## TASK
What you write must match, character for character, the lines from the one with "1975 Topps Regular" down to the one with "Ride With Pride" in the listing below, minus its pictures.

## DATASET RECORDS
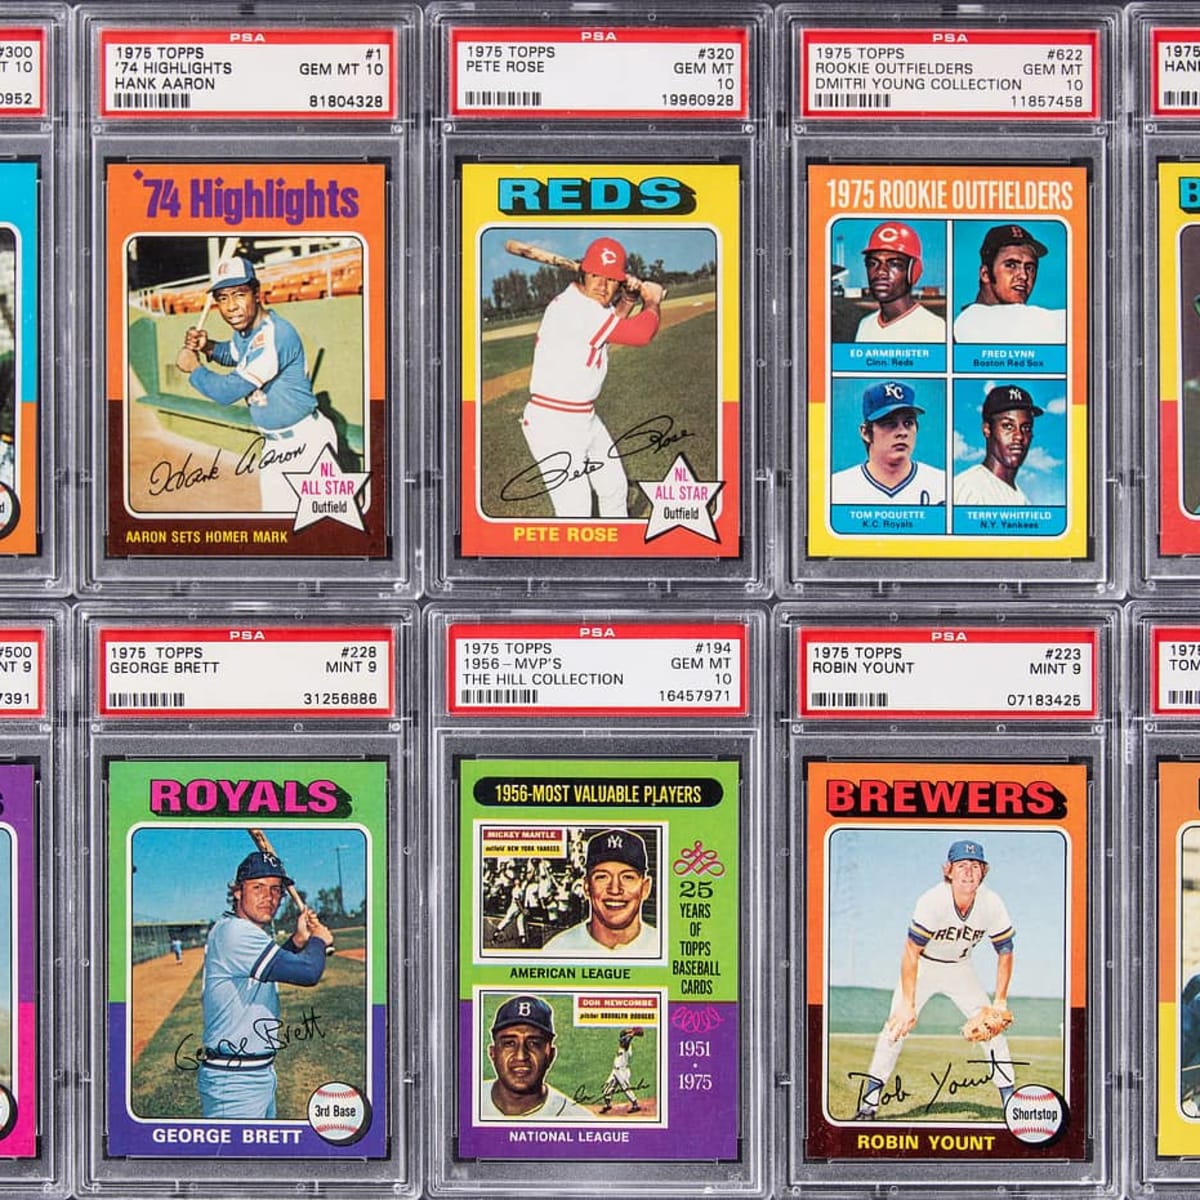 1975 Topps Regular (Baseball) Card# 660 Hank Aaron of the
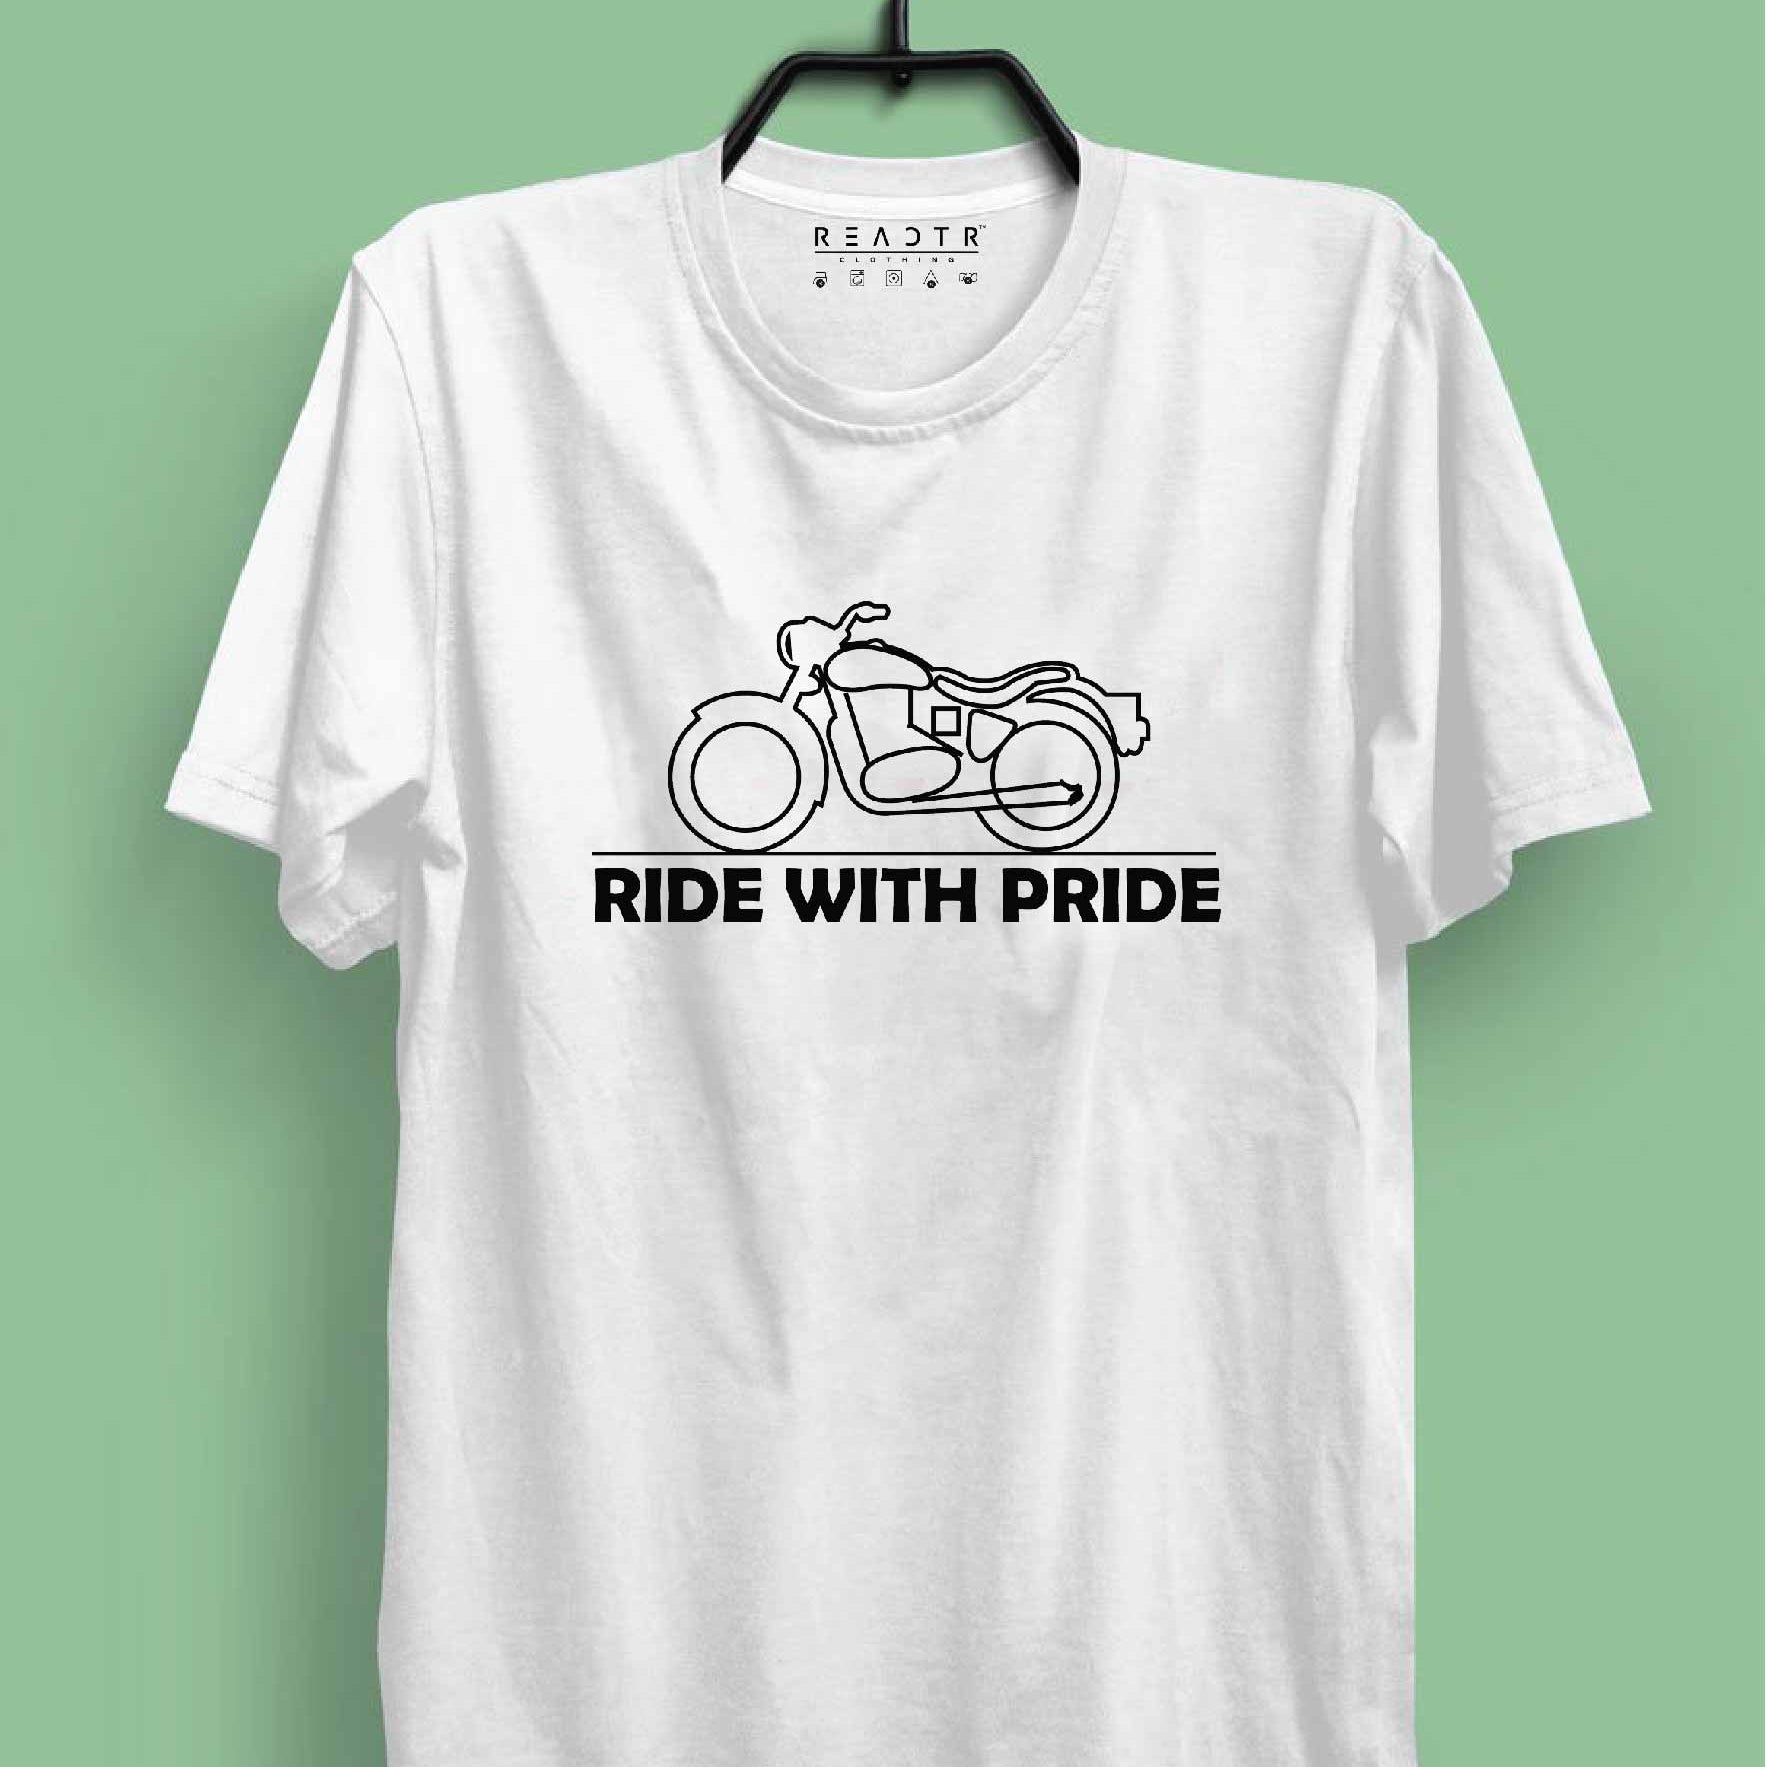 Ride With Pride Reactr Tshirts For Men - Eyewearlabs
---
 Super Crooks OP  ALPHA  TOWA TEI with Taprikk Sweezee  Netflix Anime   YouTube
...
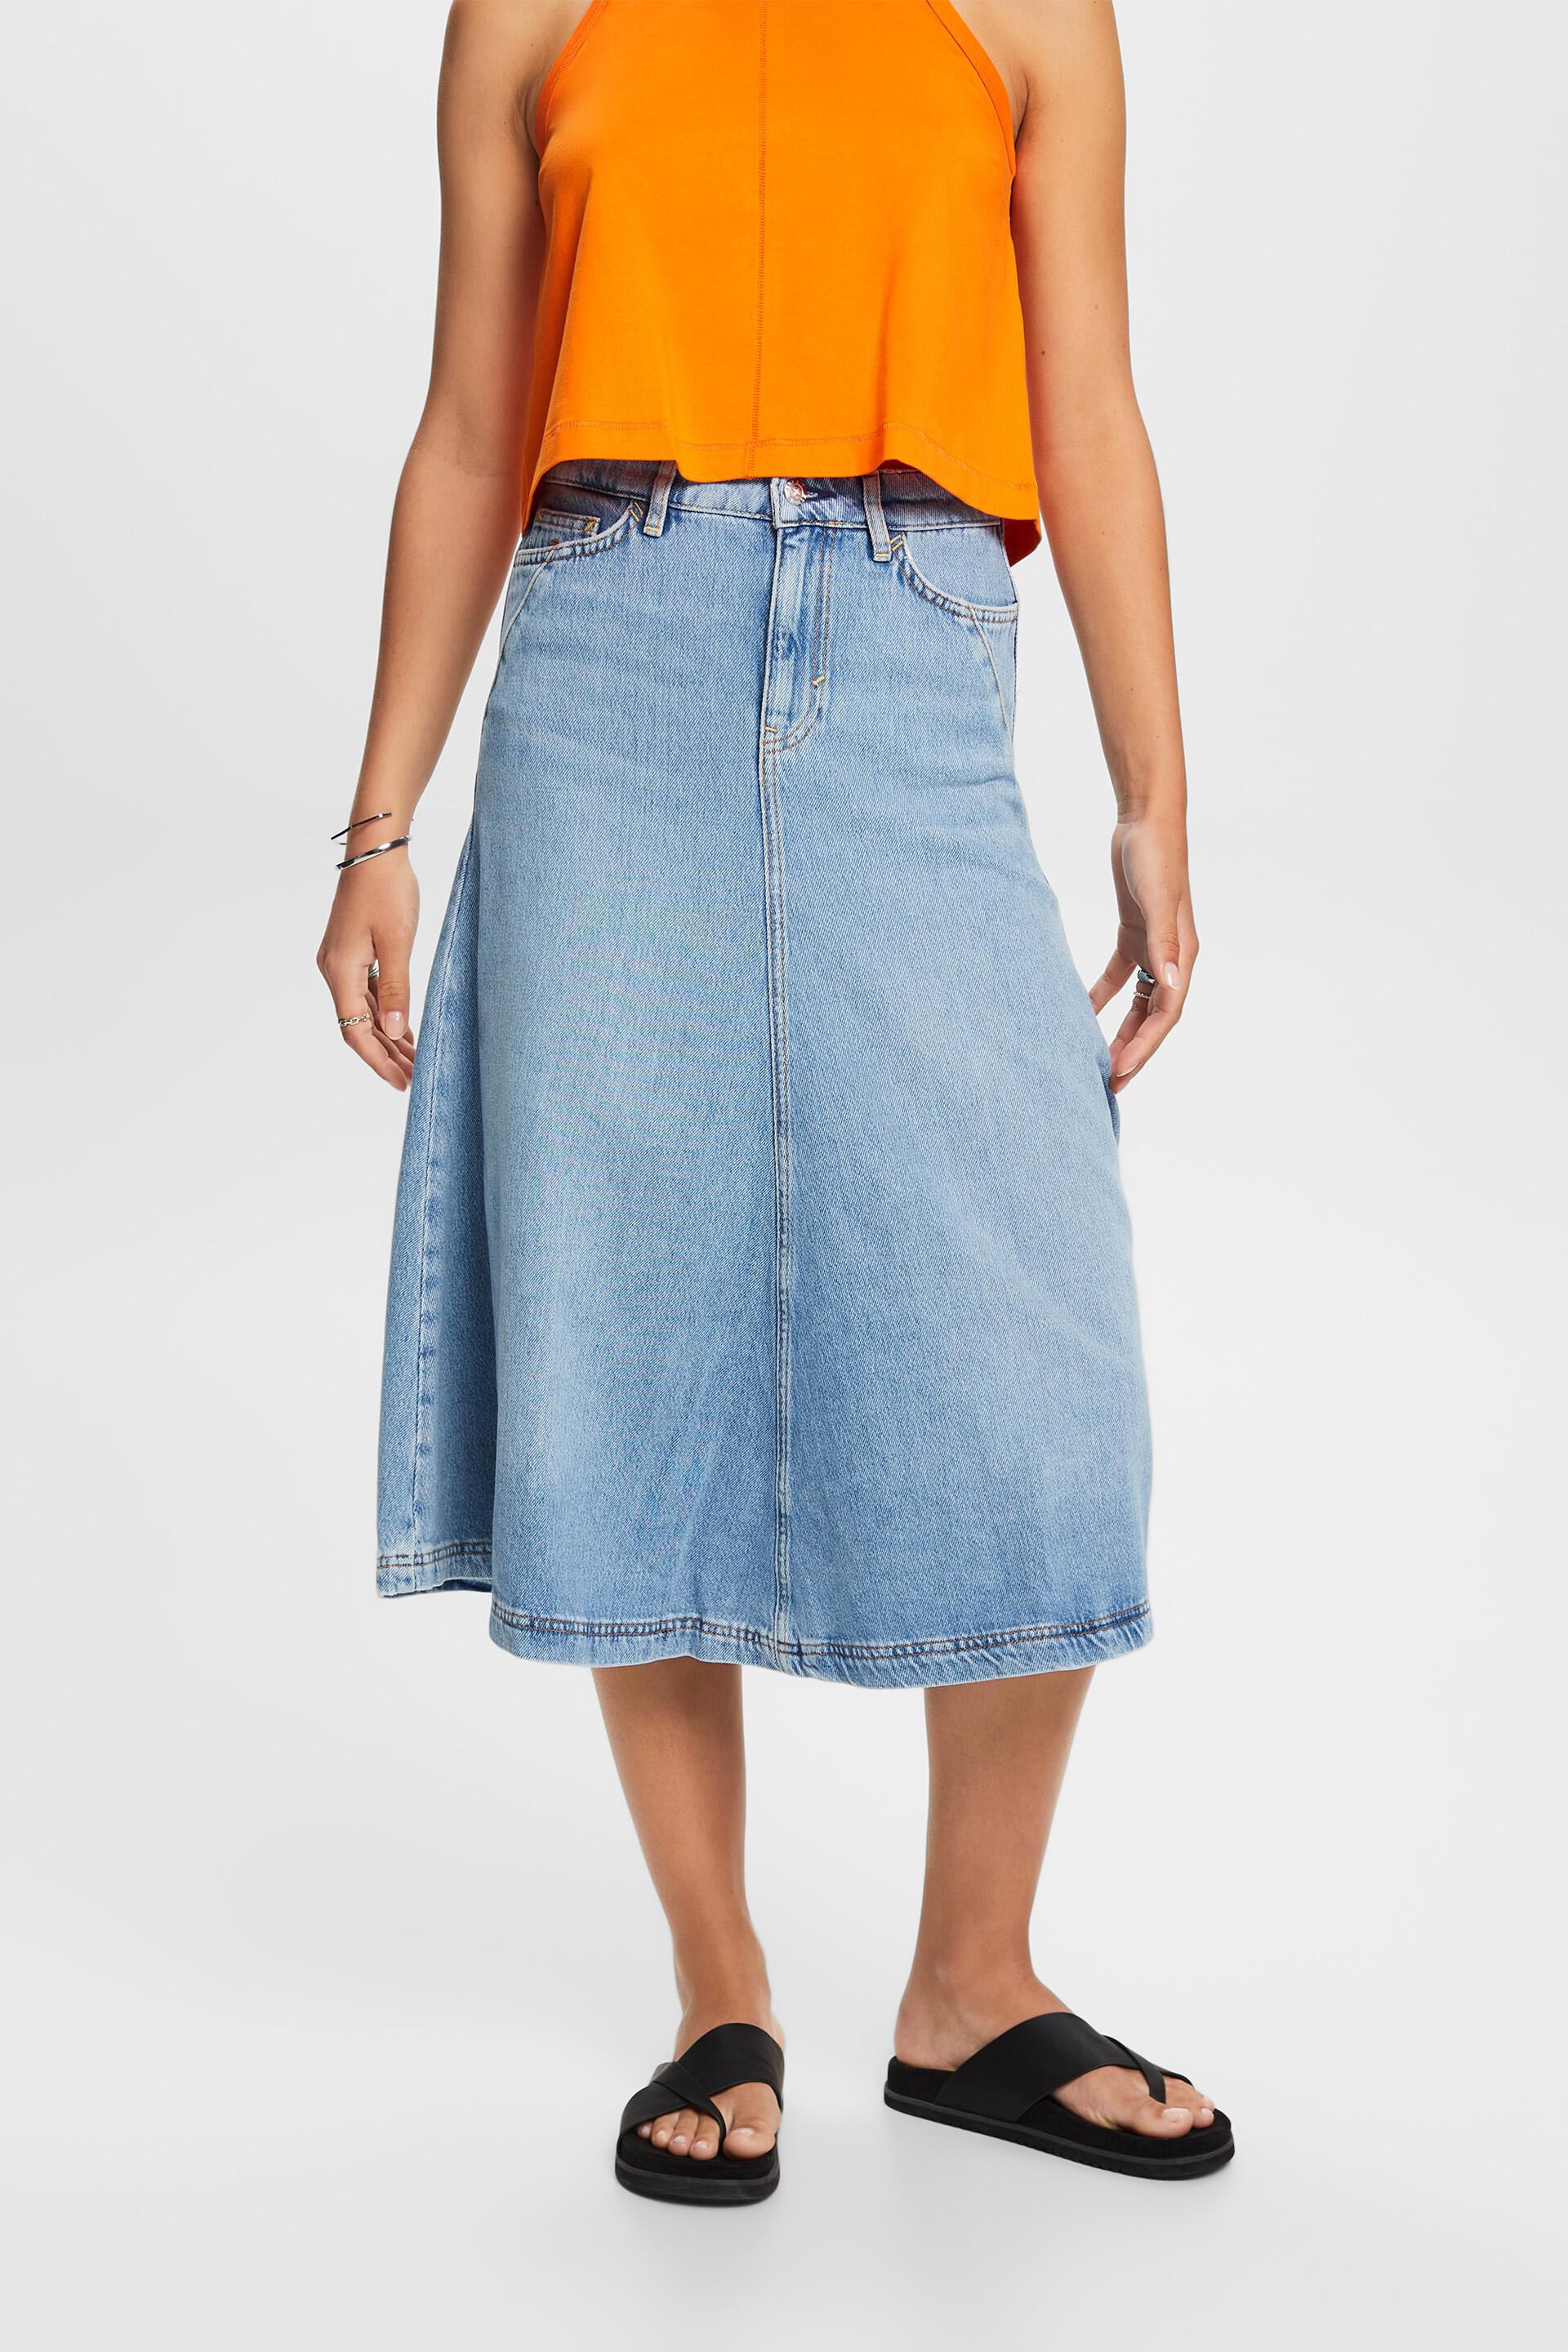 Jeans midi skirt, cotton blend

## REPLY TO THE TASK
 1975 Topps Regular (Baseball) Card# 660 Hank Aaron of the
 Ride With Pride Reactr Tshirts For Men - Eyewearlabs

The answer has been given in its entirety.